Workflows8 min read
How to build human-in-the-loop for AI agents
Practical human-in-the-loop for AI agents, covering two ways to halt a process in your Python backend, plus the SSE streaming and async production patterns that save state and resume after approval.
Human-in-the-loop is a strategic halt point in an agentic system. You stop the process and wait for approval or feedback from a human before the flow of operations continues. Halting a process inside your Python backend is the easy part, and I'll show you two ways to do it. The hard part is everything around it, because in a real application the frontend, the API, the agent, and the database all need to talk to each other before an approval step actually works.
Take a banking agent. Checking a balance is safe. A deposit is fine too. But transferring money, especially higher amounts, is exactly where you want a human to approve before the agent goes off and processes the transaction. In almost any serious LLM-based application that grows in scale, you'll find a branch or route like this where human-in-the-loop helps.
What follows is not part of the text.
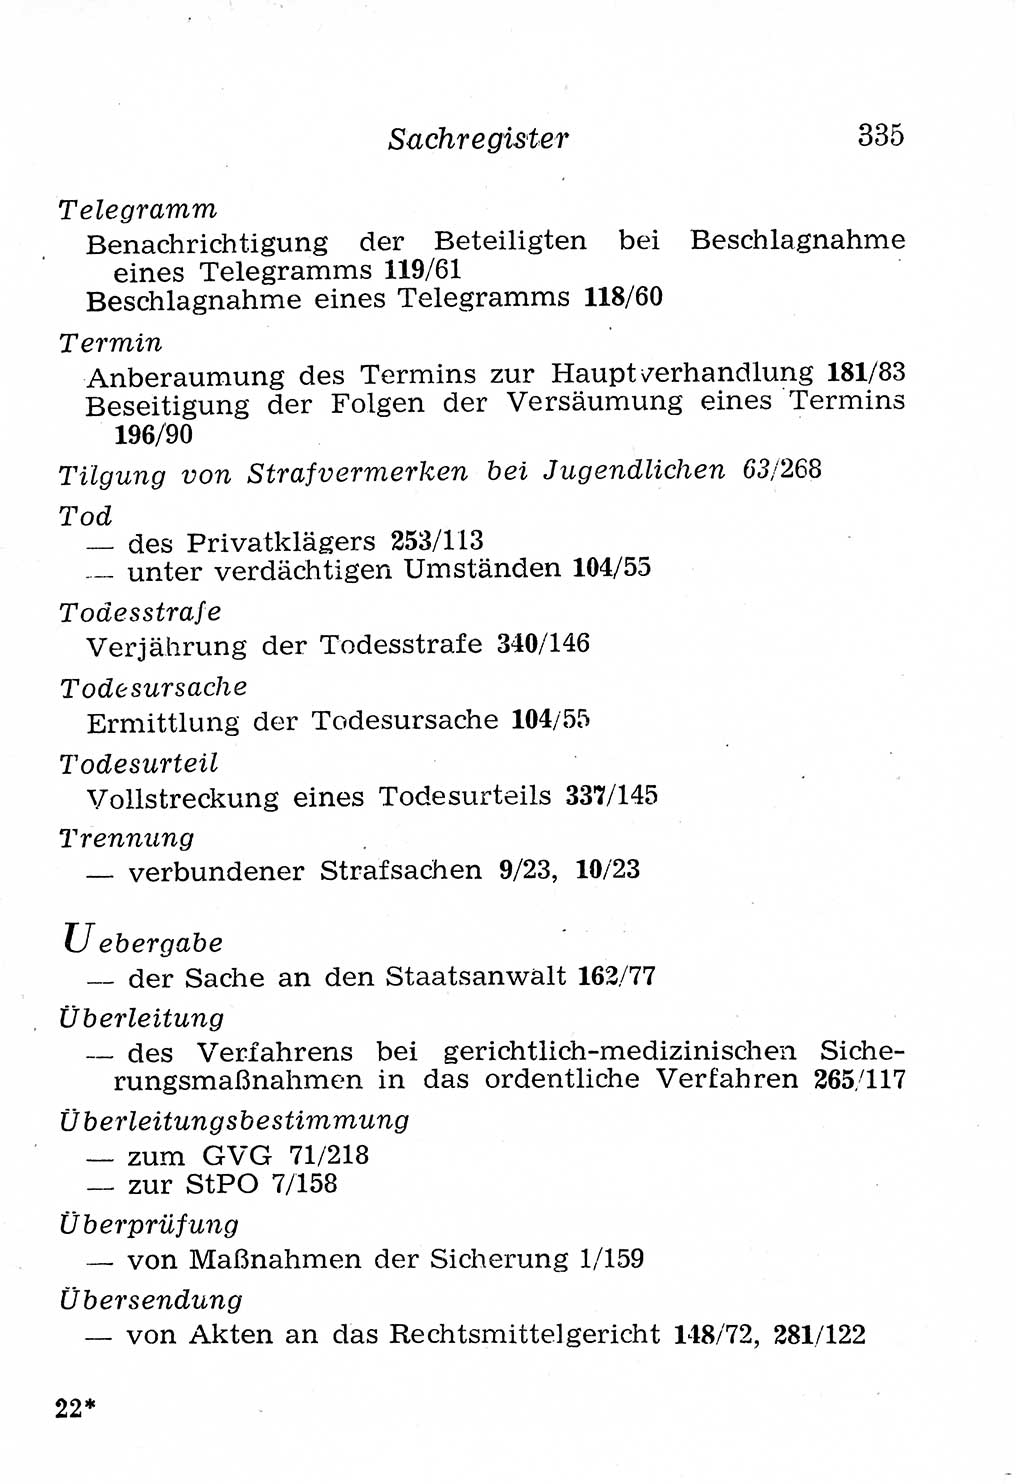 Strafprozeßordnung (StPO), Gerichtsverfassungsgesetz (GVG), Staatsanwaltsgesetz (StAG), Jugendgerichtsgesetz (JGG) und Strafregistergesetz (StRegG) [Deutsche Demokratische Republik (DDR)] 1958, Seite 335 (StPO GVG StAG JGG StRegG DDR 1958, S. 335)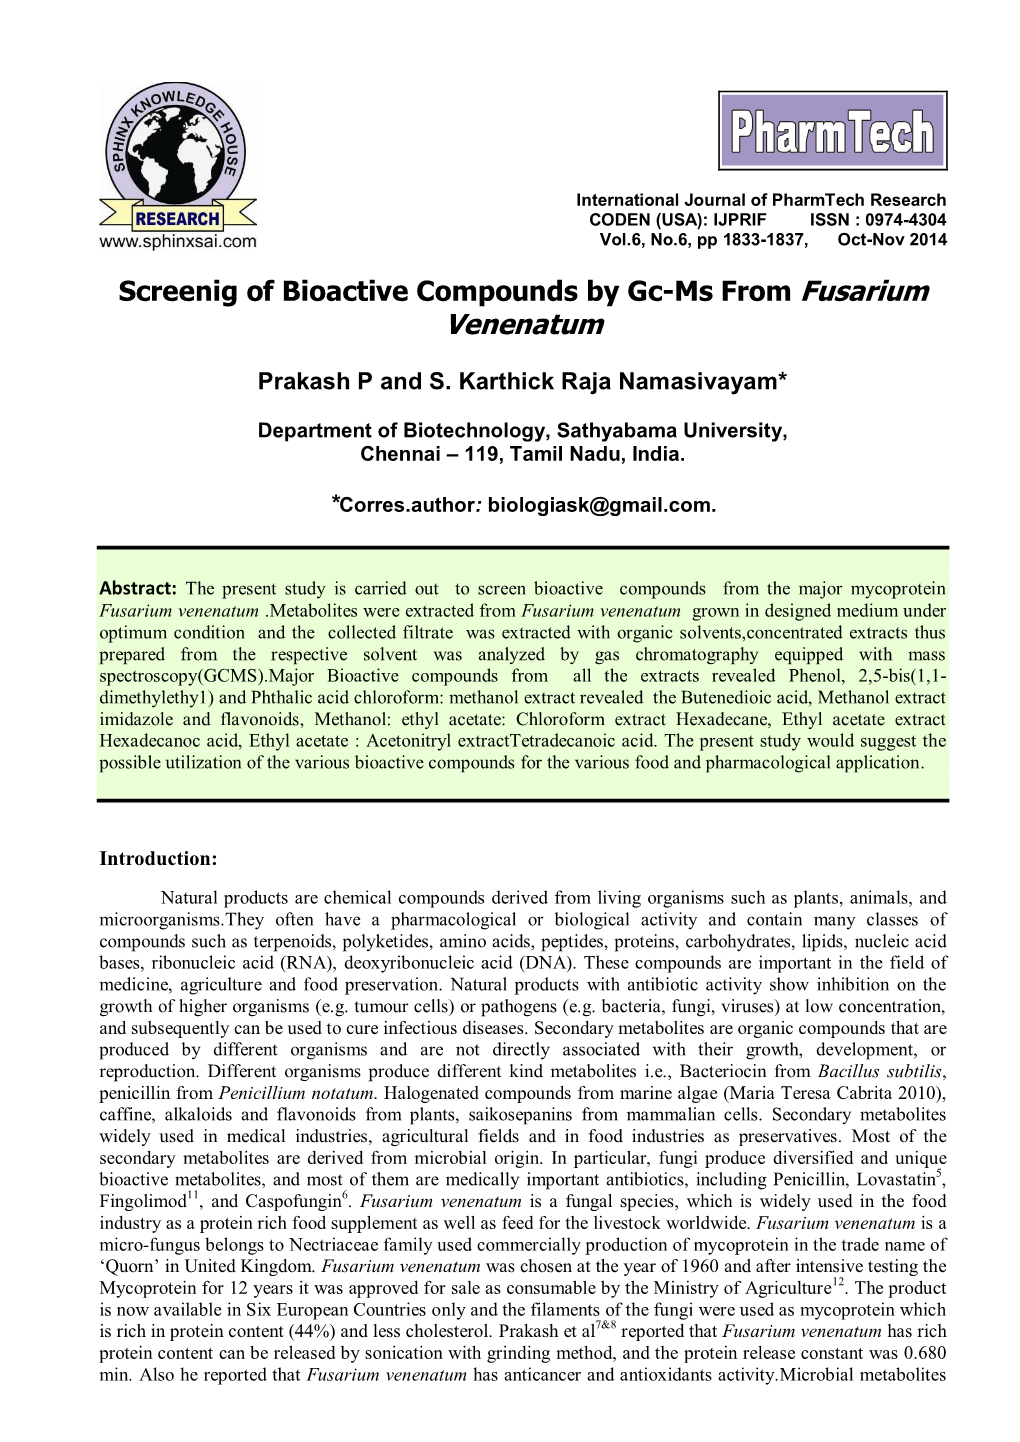 Screenig of Bioactive Compounds by Gc-Ms from Fusarium Venenatum

This guide covers two ways to halt a process in your backend code, and the two production patterns that tie the whole application stack together.
Why approval steps get you to production faster
You don't need the LLM to handle every case before going live. If the model can handle 50% of cases fully automated, and the other 50% can be clearly classified as tricky, route the tricky half to humans and ship. You get to production quicker, and the approval queue shows you what the edge cases are, which is how the system gets more reliable over time.
A lot of people still find this hard to implement in practice. Not because the halting logic is difficult, but because human-in-the-loop done correctly is a full-stack concern, not a backend feature. The approval path is also one of the building blocks I cover in how to build reliable AI agents. When an action is too risky to automate, stop the workflow instead of prompting your way to safety.
Two ways to halt a process in your backend
There are two common ways to control the flow of an LLM application, and the halt mechanics differ between them.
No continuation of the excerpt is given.